21 marzo 2012

Torrefacto


Llevo días soñando con África. Intento apartarla de mi mente, pero la fantasía se me impone al café con leche, esquivando las tostadas.
Sigues durmiendo. Te envidio. No entiendo por qué cuanto más necesito prolongar el sueño, más temprano amanezco con los restos de la noche africana girando ante mis ojos.
Así que decido levantarme. Preparo café.
Entre palabra y palabra me asomo al interior de la taza. Al fondo, mi imagen trémula, mi yo moka. Sus palabras que nunca llegan a la superficie se ahogan en el café, que quizá por eso tiene un sabor amargo.
Es mi yo de color, mi yo africano.
Ya está África imponiéndose de nuevo.
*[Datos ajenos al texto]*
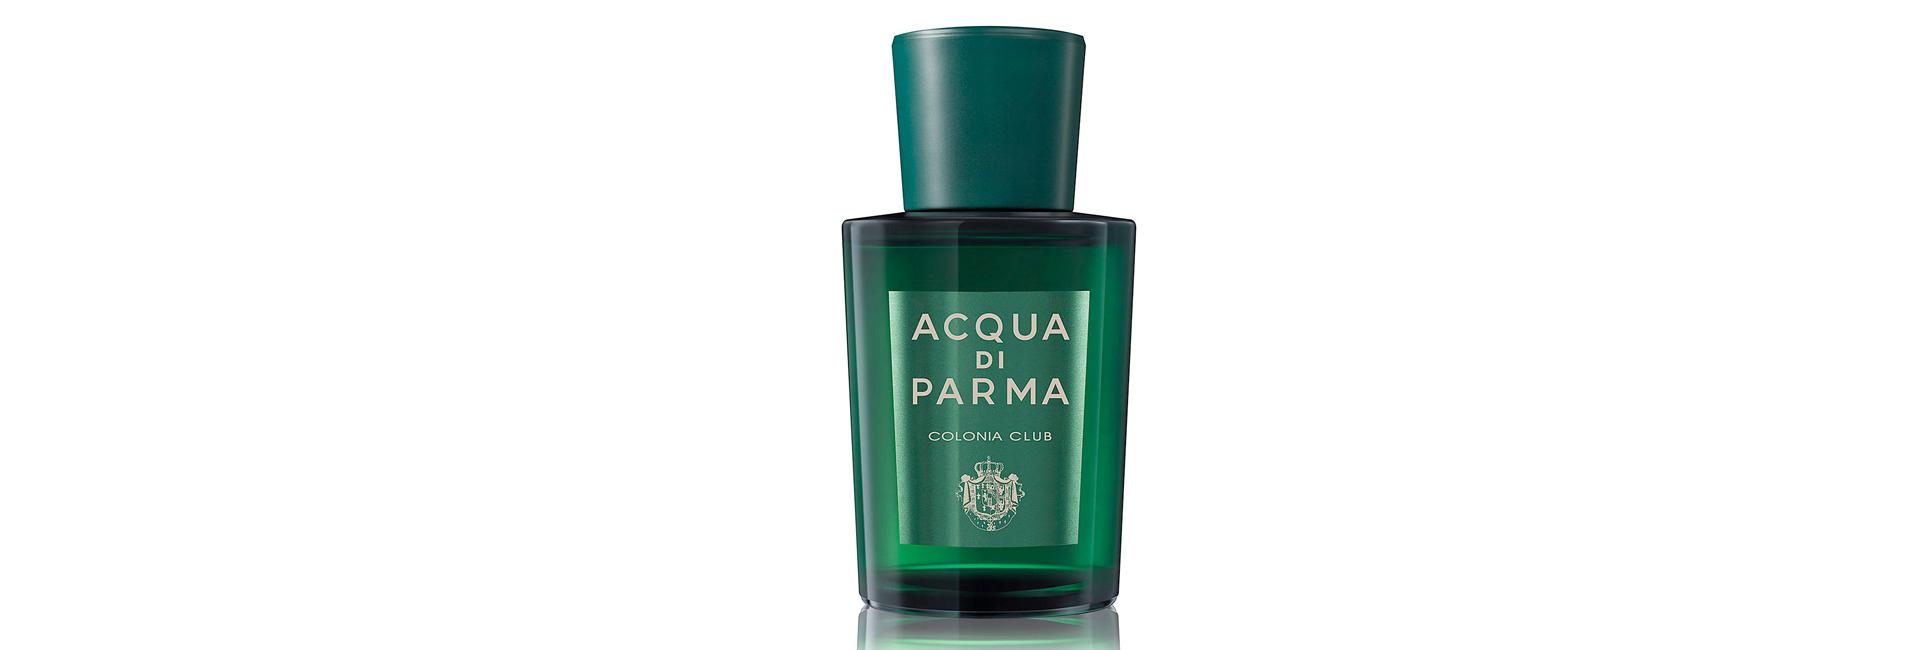 acqua-di-parma-colonia-club-blog-beaute-soin-parfum-homme

Y digo que no, que no quiero soñar ni escribir sobre África, que me sofoca el calor de su horizonte naranja siempre presente.
Desfondo los cajones del recuerdo en busca de indicios, del porqué de esos sueños tribales, de esos ritos.
Y me resisto. Reitero un café con leche que me despierte, pero allí sigo, en el fondo de la taza, esperando. Sin prisa.
Agito la taza para evitar mi mirada. Un diminuto maremoto de café lanza una gota que se estrella en el escrito. África queda sepultada bajo un lodo marrón que desdibuja su frágil silueta de bolígrafo.
Tú sigues durmiendo. Ajeno a las guerras tribales y a los maremotos de café mientras yo me peleo con otro papel virgen que quiere ser continente negro, pero no le dejo. Y sigo dibujando palabras con tal de no mirar mi imagen negra que sigue esperando al fondo de la taza. Por no ver que el borrón de café no ha conseguido acabar con esa palabra obsesiva. Porque quizá no vale la pena luchar contra lo inevitable.
El olor a café interrumpe tu sueño. Me llamas. No respondo. Sólo espero.
Bajas a la cocina. Pan tostado, café con leche. Esta mañana el café tiene un sabor más amargo.
Te digo adios en los labios, con olas de café.

1 comentario:

Anónimo dijo...

RS
El colombiano tiene un efecto similar, y lo inevitable para algunos es depender de la cafeina como dependemos de nuestros sentimientos.